2. Materials and methods
Seeds of 18 populations of Iranian endemic A. khorassanica were obtained from the Artemisia collection of the Iranian Biological Resource Center (Table 1), Tehran, Iran. Seeds were planted in cultivation trays containing 1:1 perlite and peat moss with a photoperiod of 16 h and light intensity of 70 µmol m–2 s–1 at 23 °C and then were transplanted into pots containing 1:2 field soil and perlite in the 6-leaf stage with a photoperiod of 12 h and light intensity of 99 µmol m–2 s–1 at 25 °C in the greenhouse of the Faculty of Agriculture, Tarbiat Modares University, Tehran, Iran.

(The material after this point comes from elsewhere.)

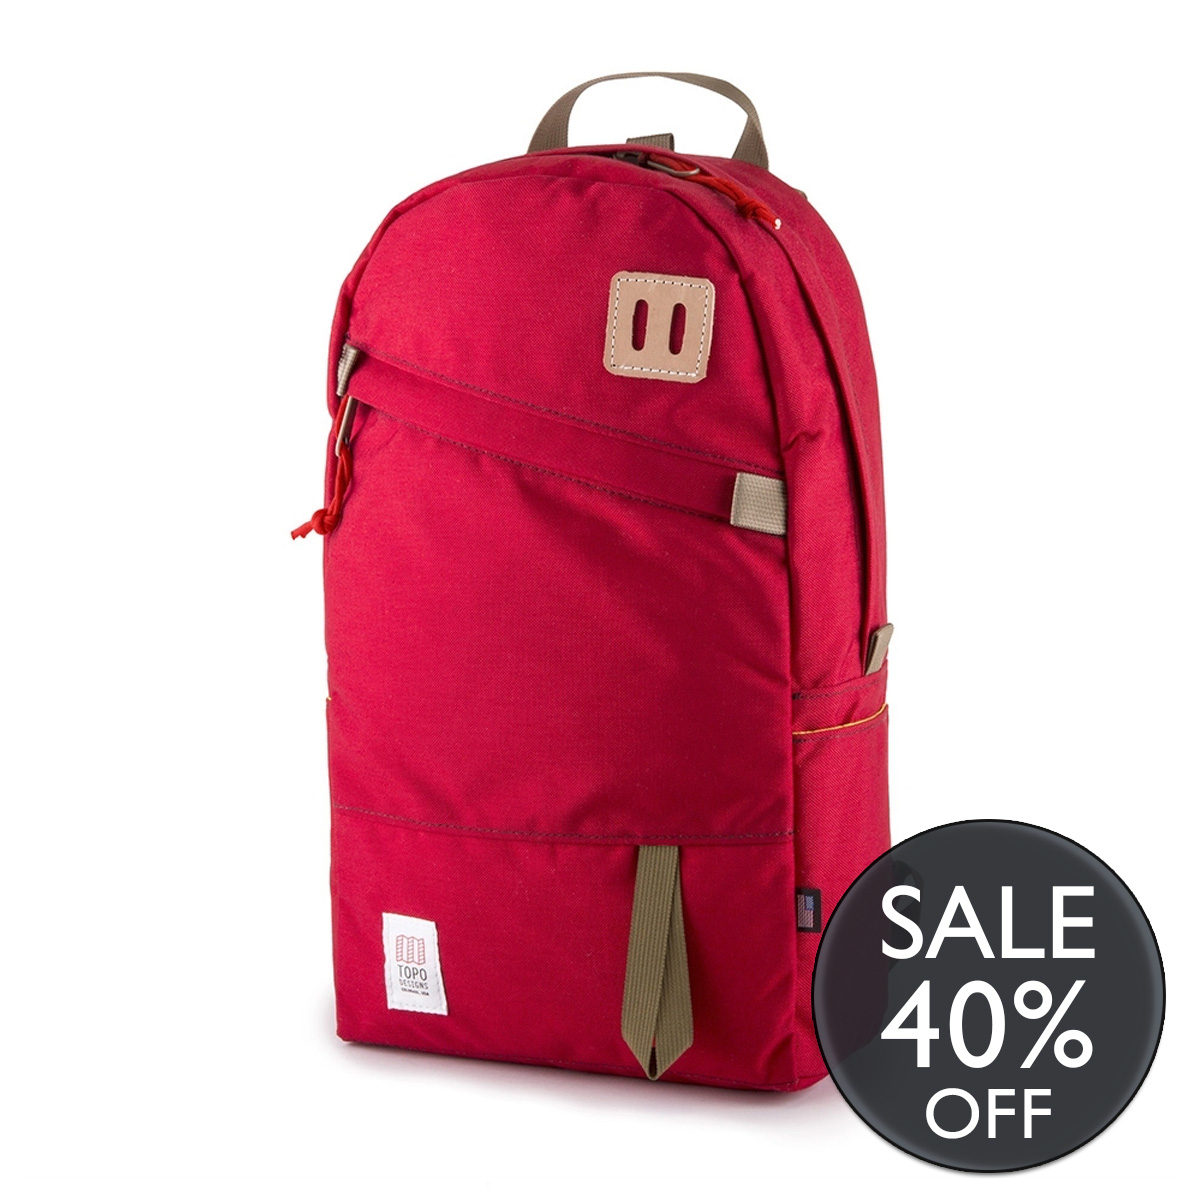 Topo Designs Daypack Red

Karyotype and nuclear DNA content were determined in these 18 populations. Half of each leaf was cut and mixed for RNA extraction and expression analyses, and another half was investigated for artemisinin measurement. Flow cytometric 2C DNA contents, artemisinin, and RNA extraction were performed with three replications and karyological study was done with vfie replications. For artemisinin and RNA extraction, each replication was a mixture of three sampled plants (upper branches). For karyological study and flow cytometric 2C DNA contents, each replication was one individual plant.
Table 1.
Local information of collected Iranian endemic Artemisia khorassanica populations.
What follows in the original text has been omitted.